Тепло его губ едва касается моих, хотя он не целует меня. Пока.
Кто-то в углу откашливается, и наши затуманенные страстью взгляды устремляются в ту сторону.
— Здравствуй, мама, — говорит Хадсон.
— Шеффилды приехали. Прошу, приведите себя в порядок и спускайтесь к нам. — Хелена исчезает раньше, чем я успеваю разгадать ее выражение лица. Мне слишком стыдно смотреть ей в глаза.
— О, Боже. — Я закрываю лицо руками.
— Поверь, она чувствует себя еще неудобнее, чем мы, — заверяет меня Хадсон, опуская мои руки. — Но не стоит заставлять их ждать.
Он ведет меня по коридорам, пока мы не добираемся до изогнутой лестницы, где смех эхом отдается от белоснежных стен и высоченного потолка фойе.
— А вот и он! — Мужчина с круглым животом в фирменной одежде загородного клуба с распростертыми объятиями направляется к Хадсону. — Хадсон, как же долго мы не виделись. Кажется… с прошлого года.
Мужчина смеется над своей шуткой, напоминая мне дядюшку-пенсионера, который играет в гольф, вероятно, на завтрак, обед и ужин.
— Рад тебя видеть, Дюк. — Хадсон притягивает меня ближе.
— А это, видимо?.. — Женщина с прямыми выцветшими от солнца волосами и в винтажном макси-платье плавно движется в нашу сторону. Пальцами она касается своих губ, и гигантский бриллиант сияет в естественном свете солнца.

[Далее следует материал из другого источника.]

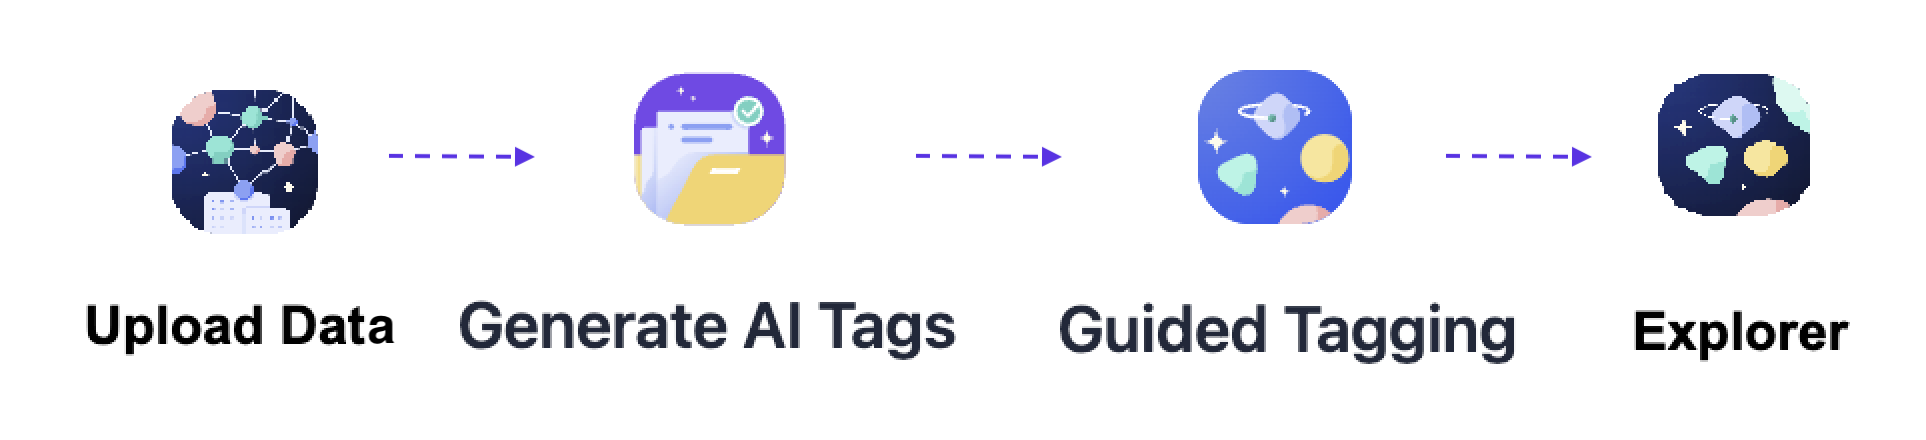 Relevance AI - Tagging flow

— Моя невеста, — заканчивает за нее Хадсон, подмигивая мне. — Дюк и Сибил Шеффилд, познакомьтесь с Марибель Коллинз.
— О, разве она не прекрасна? — выдавливает Сибил радостным тоном, подходя к нам, и целует воздух возле моей щеки, а затем отступает на безопасное расстояние. Не могу отделаться от мысли, что она оценивает меня, сравнивая со своей дочерью. — Одрина, познакомься с будущей женой Хадсона.
Она произносит слова «будущая жена» с такой интонацией, словно они оставили особое послевкусие у нее во рту, но Хадсон ободряюще сжимает мою руку.

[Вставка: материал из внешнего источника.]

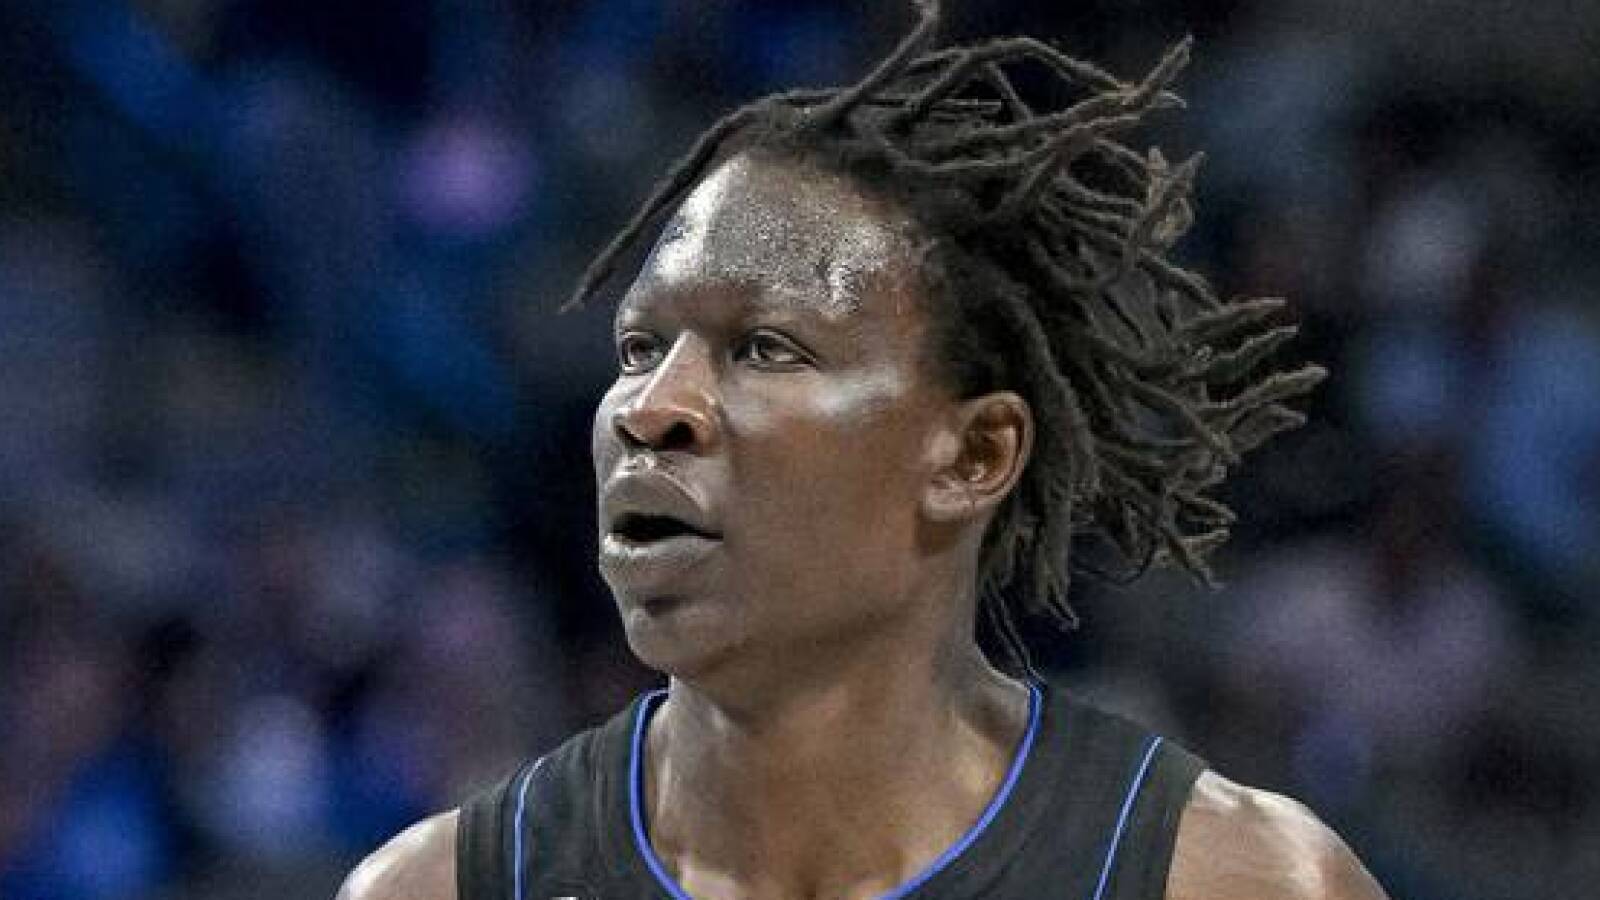 Bol is the king of the preseason for the Magic
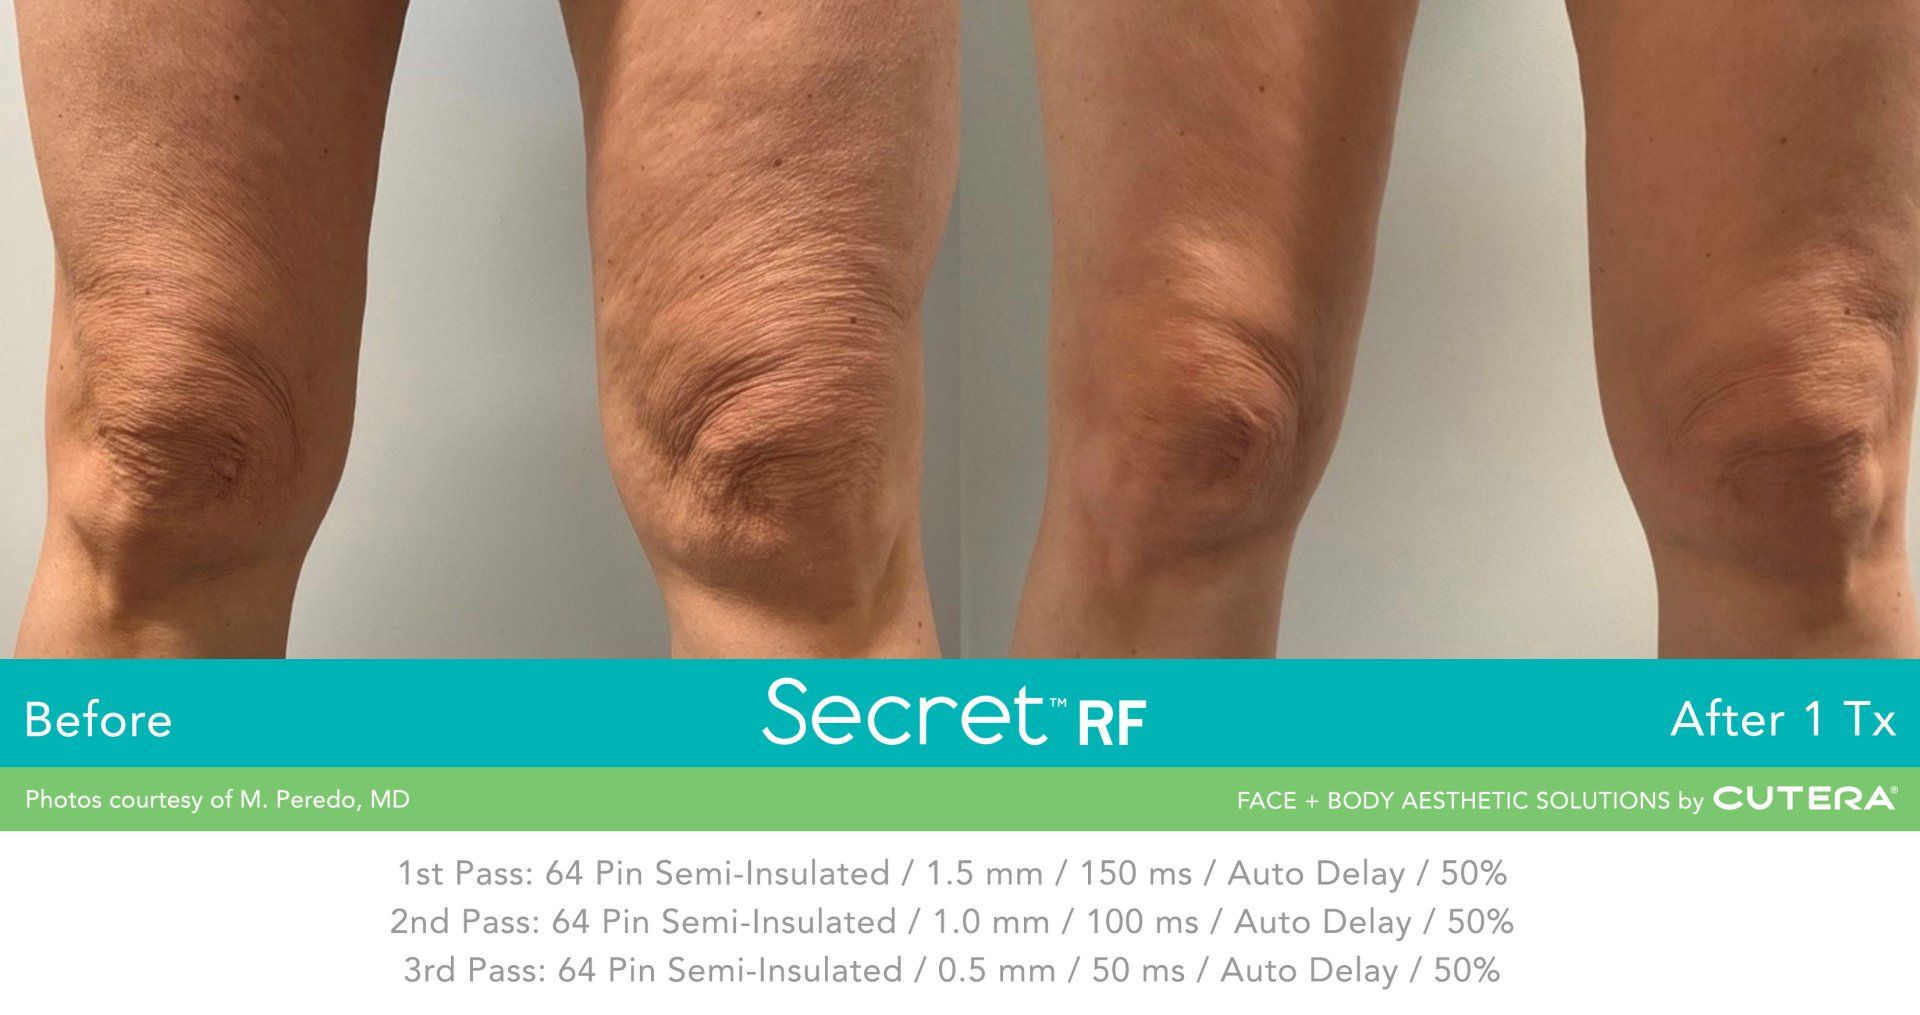 A before and after photo of a person 's knee.

— Значит, ты и есть та самая счастливица. — Одрина осматривает меня с головы до ног, расправляя плечи. У нее типичная внешность стервы. Слишком красива. Жизнь была к ней щедра: шелковые шоколадного цвета волосы струятся по ее плечам, безупречная кожа без единой морщинки. Уперев руку в свое костлявое бедро, она изгибает губы в хитрой ухмылке. — Добро пожаловать в нашу семью.